Sorry Alf - I didn't understand that. Don't you mean another _164_ would be useful?

A


----------



## Alf (20 Mar 2004)

LOL! :lol:


----------



## Anonymous (21 Mar 2004)

Tried it and it works! Definitely smoother boards and cannot feel any lumps or bumps nor see them

Thanks for the help you lot, much appreciated

Cheers

Tony


----------



## Steve (22 Mar 2004)

I use a Tormek for my plane irons, which end up square of course. I've often wondered about the slight curve - it certainly makes sense to me. Has anyone got a nifty technique I could use to facilitate achieving this using a Tormek? Would it be a question of 'Tormekking' and then finishing with a few strokes on the stone? 
Any suggestions would be most welcome! (Alf - that was a hint!)

Steve

(PS - posted this under the wrong thread and it was roundly ignored. Are you trying to tell me something people?)


----------



## Chris Knight (23 Mar 2004)

Steve,

Don't do it on the Tormek. Use that for establishing your primary (hollow ground) bevel then take the iron to a stone and work the secondary bevel on that using an eclipse type guide and pressing down harder first on one side then the other, to maintain a symmetrical condition. Use as many strokes as it takes to put suitable curve on the seconday bevel. Swap to your finest stone and put on a microbevel of perhaps one degree steeper than your secondary bevel.


----------



## Alf (23 Mar 2004)

Steve":lljlehgo said:


> (Alf - that was a hint!)


No good hinting to me, I'm in a Tormek-free zone  Come back when you acquire a hand grinder :wink: But FWIW, I do as Chris describes. For in-depth to the point of obsessive descriptions of this, you want David Charlesworth really (heavens, I hope he doesn't lurk round here... :shock: )

Cheers, Alf


----------



## Anonymous (23 Mar 2004)

With Alf here - DC's method seems the best I've seen, and the ruler trick is a good one for altering angles subtly! Mark Finney's book (heavily Stenleyised, but still worth a gander) kinda follows DC's method.
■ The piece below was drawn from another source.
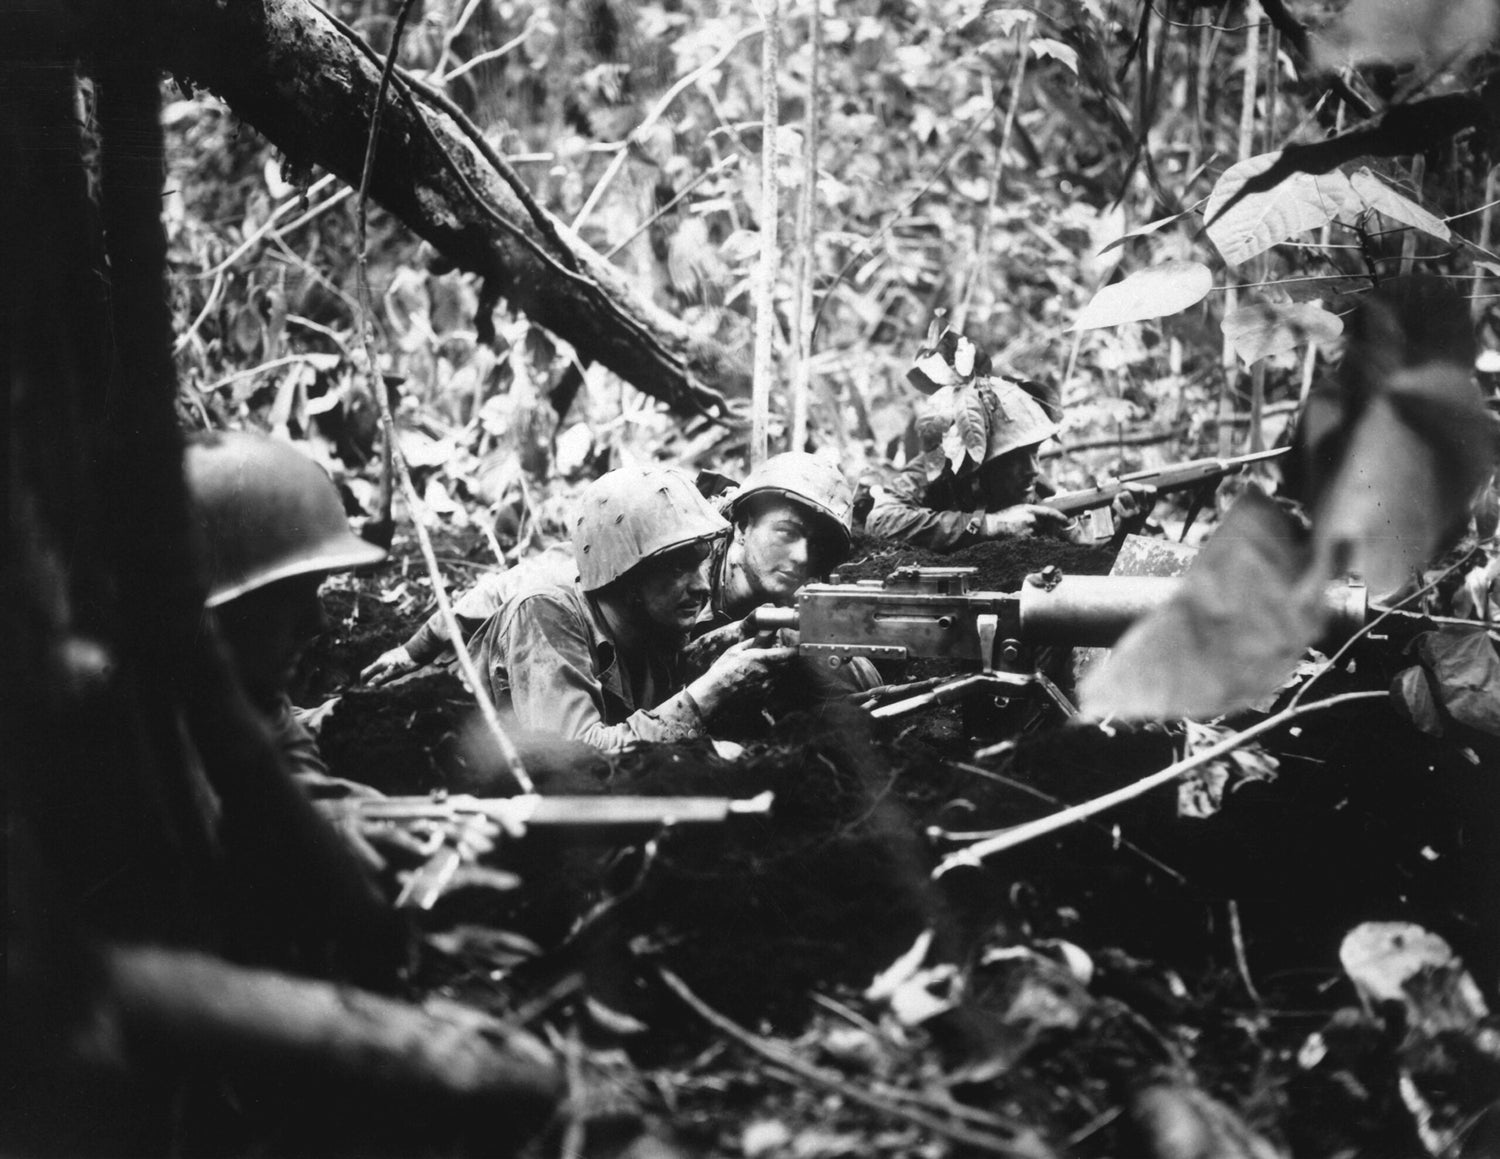 Retreating at first into the jungle of Cape Gloucester, Japanese soldiers finally gathered strength and counterattacked their Marine pursuers. These machine gunners pushed them back.

(tormek? wassat then? It got 'lectricicicity goin through it?  )


----------



## Steve (24 Mar 2004)

Cheers chaps!
I'll give Chris's advice a goodly try and let you know the results. Interestingly, DC has just made a video shot at Lie-Neilsen about this very subject which is available in PAL format. I think I'll give that a spin.
I'm _fairly_ successful with my planes, but it's an area that I know could be improved. I'm a real Tormek fan (it has got lectricicicity goin' through it, but not so much that you'd notice), mainly for my turning habit. The results are unbeatable IMHO. All I have to do is show the chisels to the wood, and it peels away all by itself! Well - almost!
My plane blades _look_ fantastic and cut well, but it's high time I got my head round the curve and started using them properly. It's a part of my technique that's not up to scratch. 

Steve


----------



## Philly (21 Apr 2004)

Hi All,
Just a late addition to this thread. Found this link on the Gordon Planes site on sharpening a Smoothing plane iron.

http://www.hntgordon.com.au/sharpenings ... gblade.htm

And this one on Jack/ Scrub planes.

http://www.hntgordon.com.au/sharpeningj ... eblade.htm

hope this is of some use,
Philly


----------